The Court of Appeal had to determine whether the information was confidential, and it adopted the Australian test of whether "disclosure or observation of information or conduct would be highly offensive to a reasonable person of ordinary sensibilities" (omitting the need for "highly").
It concluded that the additional element of the Narcotics Anonymous treatment (on top of other elements of the story which Ms Campbell conceded were legitimately published) didn’t fall into the legal category of confidential information.
The Court of Appeal also stressed the entitlement in the public interest for the media to publish peripheral details when disseminating information which the public had the right to know.
After negotiating the "thicket" of the Data Protection Act 1998, the Court of Appeal concluded that the S.32 of the Data Protection Act 1998 (which provides for an exemption for the media) did apply to publication as well as "processing" data, and that since The Mirror had succeeded in establishing that publication was in the public interest, it could rely on this exemption under the Data Protection Act 1998.

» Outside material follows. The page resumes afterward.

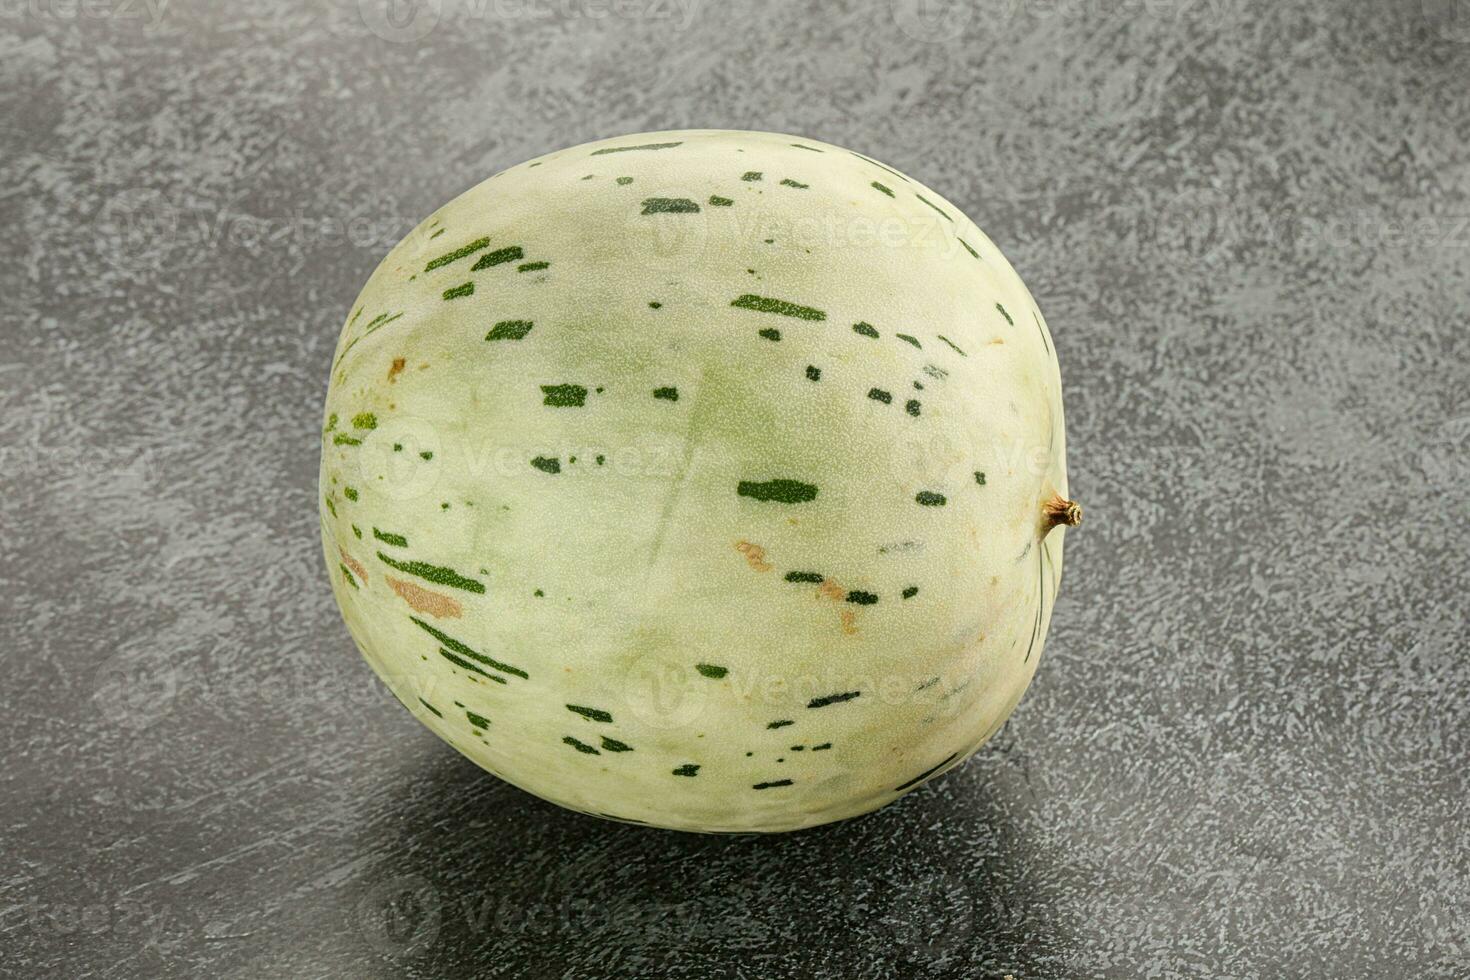 Ripe sweet juicy Dalmatin melon photo
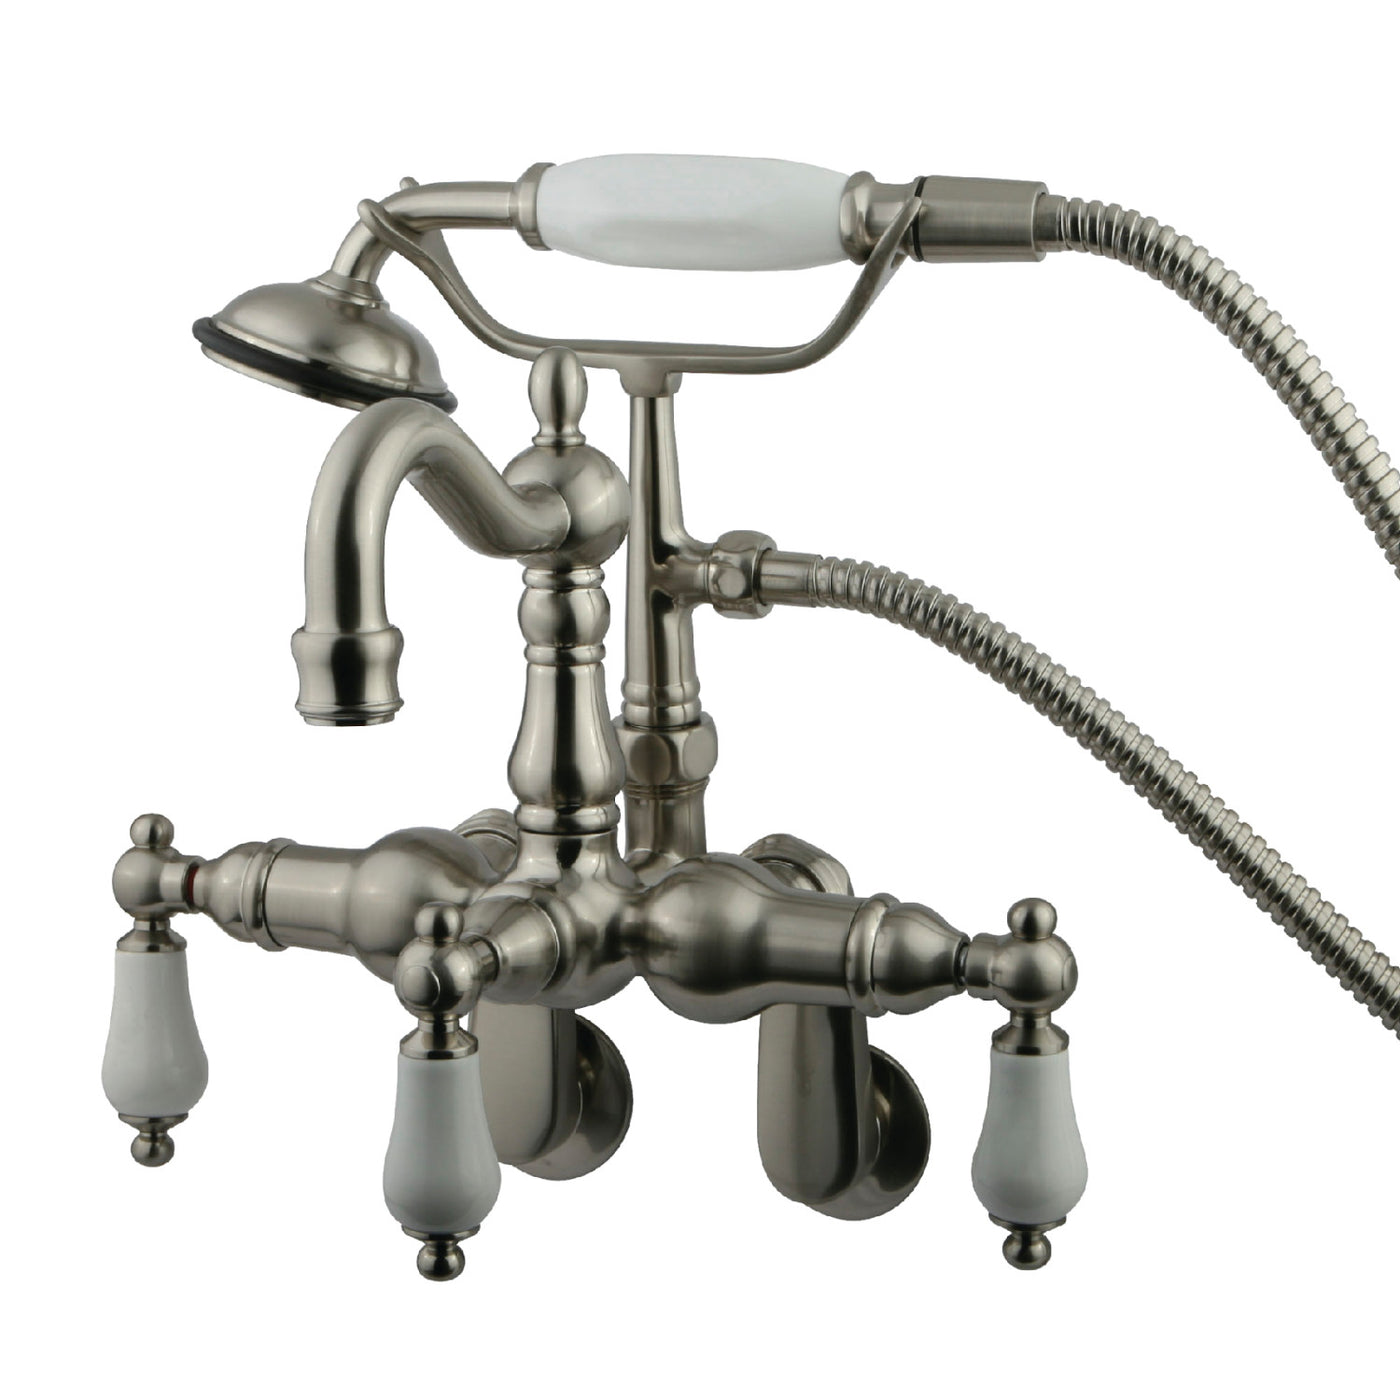 Elements of Design DT13018PL Adjustable Center Wall Mount Tub Faucet with Hand Shower, Brushed Nickel

Permission to appeal to the House of Lords was refused.
What does this recent judgment mean for the rich and famous?
It’s clear from the Court of Appeal judgment that where a public figure chooses to make untrue statements about their private life, the media will normally be entitled to put the record straight.
In doing this, the media will be allowed to add peripheral details to a story in order to give it credibility.
Consequently the old principle that the law of confidence can’t be used to hide impropriety has been re-established.
Insofar as English law seeks to protect an individual’s privacy, this is subject to a reduced protection for those who have themselves already exposed their private life to public view.
It therefore follows that the fact that an individual has achieved public prominence by other means doesn’t mean that their private life can be laid bare by the media.
However, the Court of Appeal has upheld the right of the media to publish confidential material where it proves that an individual has been misleading the public.
Campbell gambled on confidentiality and privacy being her saviour. She lost. Her court action is likely to have cost her the best part of £700,000 in legal fees.
Ardi Kolah is author of 'Essential Law for Marketers' (Butterworth Heinemann, £25.00).